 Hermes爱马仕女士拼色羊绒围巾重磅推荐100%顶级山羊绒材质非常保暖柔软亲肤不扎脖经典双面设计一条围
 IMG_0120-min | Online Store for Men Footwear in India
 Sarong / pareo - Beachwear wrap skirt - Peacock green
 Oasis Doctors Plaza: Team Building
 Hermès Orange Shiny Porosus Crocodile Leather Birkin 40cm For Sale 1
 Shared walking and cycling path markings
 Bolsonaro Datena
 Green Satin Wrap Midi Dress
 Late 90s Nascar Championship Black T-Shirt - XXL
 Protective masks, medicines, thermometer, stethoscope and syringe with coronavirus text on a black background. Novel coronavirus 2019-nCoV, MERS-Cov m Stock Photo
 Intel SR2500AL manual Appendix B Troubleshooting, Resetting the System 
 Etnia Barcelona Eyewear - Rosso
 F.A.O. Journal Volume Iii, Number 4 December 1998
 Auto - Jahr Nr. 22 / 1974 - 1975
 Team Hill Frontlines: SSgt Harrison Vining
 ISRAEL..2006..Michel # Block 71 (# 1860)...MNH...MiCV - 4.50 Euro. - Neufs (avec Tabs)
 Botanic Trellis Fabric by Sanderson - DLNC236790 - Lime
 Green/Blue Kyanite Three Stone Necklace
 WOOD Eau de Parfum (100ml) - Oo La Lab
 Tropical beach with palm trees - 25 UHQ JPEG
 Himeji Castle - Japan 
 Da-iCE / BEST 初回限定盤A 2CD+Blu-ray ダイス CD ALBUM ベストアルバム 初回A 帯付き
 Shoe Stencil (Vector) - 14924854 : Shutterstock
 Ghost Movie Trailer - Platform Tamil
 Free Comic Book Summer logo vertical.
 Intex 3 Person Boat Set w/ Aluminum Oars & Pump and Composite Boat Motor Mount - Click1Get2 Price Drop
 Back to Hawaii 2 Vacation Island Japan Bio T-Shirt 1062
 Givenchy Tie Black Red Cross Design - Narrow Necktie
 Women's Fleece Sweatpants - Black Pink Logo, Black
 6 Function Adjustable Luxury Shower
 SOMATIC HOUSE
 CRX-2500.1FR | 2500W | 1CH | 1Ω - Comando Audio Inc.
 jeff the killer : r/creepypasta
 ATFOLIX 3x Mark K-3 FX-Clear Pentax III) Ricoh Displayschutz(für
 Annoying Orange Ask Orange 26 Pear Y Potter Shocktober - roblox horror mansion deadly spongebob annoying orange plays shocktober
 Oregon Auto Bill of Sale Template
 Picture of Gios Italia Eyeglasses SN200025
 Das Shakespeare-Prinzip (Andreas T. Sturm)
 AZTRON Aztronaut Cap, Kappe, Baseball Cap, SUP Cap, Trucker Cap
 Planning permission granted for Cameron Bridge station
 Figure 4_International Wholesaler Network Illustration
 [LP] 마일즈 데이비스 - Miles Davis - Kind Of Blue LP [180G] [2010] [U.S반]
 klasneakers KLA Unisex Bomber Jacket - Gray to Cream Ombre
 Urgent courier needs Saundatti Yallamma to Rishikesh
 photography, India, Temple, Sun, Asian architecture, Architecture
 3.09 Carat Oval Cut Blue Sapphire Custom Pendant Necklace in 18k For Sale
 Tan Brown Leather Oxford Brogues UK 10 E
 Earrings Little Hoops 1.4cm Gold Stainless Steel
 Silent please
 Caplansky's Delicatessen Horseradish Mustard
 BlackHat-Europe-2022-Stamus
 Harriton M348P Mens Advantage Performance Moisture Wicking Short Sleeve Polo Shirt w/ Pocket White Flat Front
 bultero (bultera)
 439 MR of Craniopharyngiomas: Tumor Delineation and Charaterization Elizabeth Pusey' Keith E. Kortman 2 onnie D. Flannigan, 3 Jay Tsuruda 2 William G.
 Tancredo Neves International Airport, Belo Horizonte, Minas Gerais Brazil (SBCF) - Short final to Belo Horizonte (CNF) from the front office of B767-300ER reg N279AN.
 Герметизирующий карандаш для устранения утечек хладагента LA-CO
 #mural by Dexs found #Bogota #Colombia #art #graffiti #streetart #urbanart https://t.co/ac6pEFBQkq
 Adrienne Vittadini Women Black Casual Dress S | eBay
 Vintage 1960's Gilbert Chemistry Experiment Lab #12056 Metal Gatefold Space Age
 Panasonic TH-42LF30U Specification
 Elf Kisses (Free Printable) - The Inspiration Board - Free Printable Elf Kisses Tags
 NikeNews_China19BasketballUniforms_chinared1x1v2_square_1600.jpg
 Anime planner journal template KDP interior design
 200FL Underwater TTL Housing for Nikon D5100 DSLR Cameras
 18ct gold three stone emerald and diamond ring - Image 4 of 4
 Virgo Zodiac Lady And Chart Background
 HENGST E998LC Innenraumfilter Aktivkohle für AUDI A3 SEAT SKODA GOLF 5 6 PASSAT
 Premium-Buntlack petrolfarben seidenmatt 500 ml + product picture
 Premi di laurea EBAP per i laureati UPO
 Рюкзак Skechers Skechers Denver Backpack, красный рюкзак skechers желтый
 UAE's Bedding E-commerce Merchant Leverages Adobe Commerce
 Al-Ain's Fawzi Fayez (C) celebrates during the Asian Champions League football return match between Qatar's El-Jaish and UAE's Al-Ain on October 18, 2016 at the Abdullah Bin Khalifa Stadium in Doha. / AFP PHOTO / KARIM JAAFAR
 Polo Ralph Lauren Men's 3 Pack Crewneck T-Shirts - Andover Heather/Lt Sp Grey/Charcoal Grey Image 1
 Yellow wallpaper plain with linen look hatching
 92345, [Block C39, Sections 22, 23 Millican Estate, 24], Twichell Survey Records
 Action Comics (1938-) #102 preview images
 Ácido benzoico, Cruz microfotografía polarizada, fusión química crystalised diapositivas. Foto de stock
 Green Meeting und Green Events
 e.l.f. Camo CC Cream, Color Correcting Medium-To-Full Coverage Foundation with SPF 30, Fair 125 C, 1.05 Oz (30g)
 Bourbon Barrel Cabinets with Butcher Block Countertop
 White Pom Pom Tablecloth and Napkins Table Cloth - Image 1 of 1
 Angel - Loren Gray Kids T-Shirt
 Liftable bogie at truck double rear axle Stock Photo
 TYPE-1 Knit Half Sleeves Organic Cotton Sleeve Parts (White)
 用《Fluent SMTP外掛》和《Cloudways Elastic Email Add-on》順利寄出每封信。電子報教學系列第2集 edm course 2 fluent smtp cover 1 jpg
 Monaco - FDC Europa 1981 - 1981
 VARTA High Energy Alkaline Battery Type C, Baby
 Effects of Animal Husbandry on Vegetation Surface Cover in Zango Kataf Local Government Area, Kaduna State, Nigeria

● **EXERCISE INSTRUCTIONS**: The complete listing must be reproduced exactly as written.

● **REPLY TO THE TASK**:
 Hermes爱马仕女士拼色羊绒围巾重磅推荐100%顶级山羊绒材质非常保暖柔软亲肤不扎脖经典双面设计一条围
 IMG_0120-min | Online Store for Men Footwear in India
 Sarong / pareo - Beachwear wrap skirt - Peacock green
 Oasis Doctors Plaza: Team Building
 Hermès Orange Shiny Porosus Crocodile Leather Birkin 40cm For Sale 1
 Shared walking and cycling path markings
 Bolsonaro Datena
 Green Satin Wrap Midi Dress
 Late 90s Nascar Championship Black T-Shirt - XXL
 Protective masks, medicines, thermometer, stethoscope and syringe with coronavirus text on a black background. Novel coronavirus 2019-nCoV, MERS-Cov m Stock Photo
 Intel SR2500AL manual Appendix B Troubleshooting, Resetting the System 
 Etnia Barcelona Eyewear - Rosso
 F.A.O. Journal Volume Iii, Number 4 December 1998
 Auto - Jahr Nr. 22 / 1974 - 1975
 Team Hill Frontlines: SSgt Harrison Vining
 ISRAEL..2006..Michel # Block 71 (# 1860)...MNH...MiCV - 4.50 Euro. - Neufs (avec Tabs)
 Botanic Trellis Fabric by Sanderson - DLNC236790 - Lime
 Green/Blue Kyanite Three Stone Necklace
 WOOD Eau de Parfum (100ml) - Oo La Lab
 Tropical beach with palm trees - 25 UHQ JPEG
 Himeji Castle - Japan 
 Da-iCE / BEST 初回限定盤A 2CD+Blu-ray ダイス CD ALBUM ベストアルバム 初回A 帯付き
 Shoe Stencil (Vector) - 14924854 : Shutterstock
 Ghost Movie Trailer - Platform Tamil
 Free Comic Book Summer logo vertical.
 Intex 3 Person Boat Set w/ Aluminum Oars & Pump and Composite Boat Motor Mount - Click1Get2 Price Drop
 Back to Hawaii 2 Vacation Island Japan Bio T-Shirt 1062
 Givenchy Tie Black Red Cross Design - Narrow Necktie
 Women's Fleece Sweatpants - Black Pink Logo, Black
 6 Function Adjustable Luxury Shower
 SOMATIC HOUSE
 CRX-2500.1FR | 2500W | 1CH | 1Ω - Comando Audio Inc.
 jeff the killer : r/creepypasta
 ATFOLIX 3x Mark K-3 FX-Clear Pentax III) Ricoh Displayschutz(für
 Annoying Orange Ask Orange 26 Pear Y Potter Shocktober - roblox horror mansion deadly spongebob annoying orange plays shocktober
 Oregon Auto Bill of Sale Template
 Picture of Gios Italia Eyeglasses SN200025
 Das Shakespeare-Prinzip (Andreas T. Sturm)
 AZTRON Aztronaut Cap, Kappe, Baseball Cap, SUP Cap, Trucker Cap
 Planning permission granted for Cameron Bridge station
 Figure 4_International Wholesaler Network Illustration
 [LP] 마일즈 데이비스 - Miles Davis - Kind Of Blue LP [180G] [2010] [U.S반]
 klasneakers KLA Unisex Bomber Jacket - Gray to Cream Ombre
 Urgent courier needs Saundatti Yallamma to Rishikesh
 photography, India, Temple, Sun, Asian architecture, Architecture
 3.09 Carat Oval Cut Blue Sapphire Custom Pendant Necklace in 18k For Sale
 Tan Brown Leather Oxford Brogues UK 10 E
 Earrings Little Hoops 1.4cm Gold Stainless Steel
 Silent please
 Caplansky's Delicatessen Horseradish Mustard
 BlackHat-Europe-2022-Stamus
 Harriton M348P Mens Advantage Performance Moisture Wicking Short Sleeve Polo Shirt w/ Pocket White Flat Front
 bultero (bultera)
 439 MR of Craniopharyngiomas: Tumor Delineation and Charaterization Elizabeth Pusey' Keith E. Kortman 2 onnie D. Flannigan, 3 Jay Tsuruda 2 William G.
 Tancredo Neves International Airport, Belo Horizonte, Minas Gerais Brazil (SBCF) - Short final to Belo Horizonte (CNF) from the front office of B767-300ER reg N279AN.
 Герметизирующий карандаш для устранения утечек хладагента LA-CO
 #mural by Dexs found #Bogota #Colombia #art #graffiti #streetart #urbanart https://t.co/ac6pEFBQkq
 Adrienne Vittadini Women Black Casual Dress S | eBay
 Vintage 1960's Gilbert Chemistry Experiment Lab #12056 Metal Gatefold Space Age
 Panasonic TH-42LF30U Specification
 Elf Kisses (Free Printable) - The Inspiration Board - Free Printable Elf Kisses Tags
 NikeNews_China19BasketballUniforms_chinared1x1v2_square_1600.jpg
 Anime planner journal template KDP interior design
 200FL Underwater TTL Housing for Nikon D5100 DSLR Cameras
 18ct gold three stone emerald and diamond ring - Image 4 of 4
 Virgo Zodiac Lady And Chart Background
 HENGST E998LC Innenraumfilter Aktivkohle für AUDI A3 SEAT SKODA GOLF 5 6 PASSAT
 Premium-Buntlack petrolfarben seidenmatt 500 ml + product picture
 Premi di laurea EBAP per i laureati UPO
 Рюкзак Skechers Skechers Denver Backpack, красный рюкзак skechers желтый
 UAE's Bedding E-commerce Merchant Leverages Adobe Commerce
 Al-Ain's Fawzi Fayez (C) celebrates during the Asian Champions League football return match between Qatar's El-Jaish and UAE's Al-Ain on October 18, 2016 at the Abdullah Bin Khalifa Stadium in Doha. / AFP PHOTO / KARIM JAAFAR
 Polo Ralph Lauren Men's 3 Pack Crewneck T-Shirts - Andover Heather/Lt Sp Grey/Charcoal Grey Image 1
 Yellow wallpaper plain with linen look hatching
 92345, [Block C39, Sections 22, 23 Millican Estate, 24], Twichell Survey Records
 Action Comics (1938-) #102 preview images
 Ácido benzoico, Cruz microfotografía polarizada, fusión química crystalised diapositivas. Foto de stock
 Green Meeting und Green Events
 e.l.f. Camo CC Cream, Color Correcting Medium-To-Full Coverage Foundation with SPF 30, Fair 125 C, 1.05 Oz (30g)
 Bourbon Barrel Cabinets with Butcher Block Countertop
 White Pom Pom Tablecloth and Napkins Table Cloth - Image 1 of 1
 Angel - Loren Gray Kids T-Shirt
 Liftable bogie at truck double rear axle Stock Photo
 TYPE-1 Knit Half Sleeves Organic Cotton Sleeve Parts (White)
 用《Fluent SMTP外掛》和《Cloudways Elastic Email Add-on》順利寄出每封信。電子報教學系列第2集 edm course 2 fluent smtp cover 1 jpg
 Monaco - FDC Europa 1981 - 1981
 VARTA High Energy Alkaline Battery Type C, Baby
 Effects of Animal Husbandry on Vegetation Surface Cover in Zango Kataf Local Government Area, Kaduna State, Nigeria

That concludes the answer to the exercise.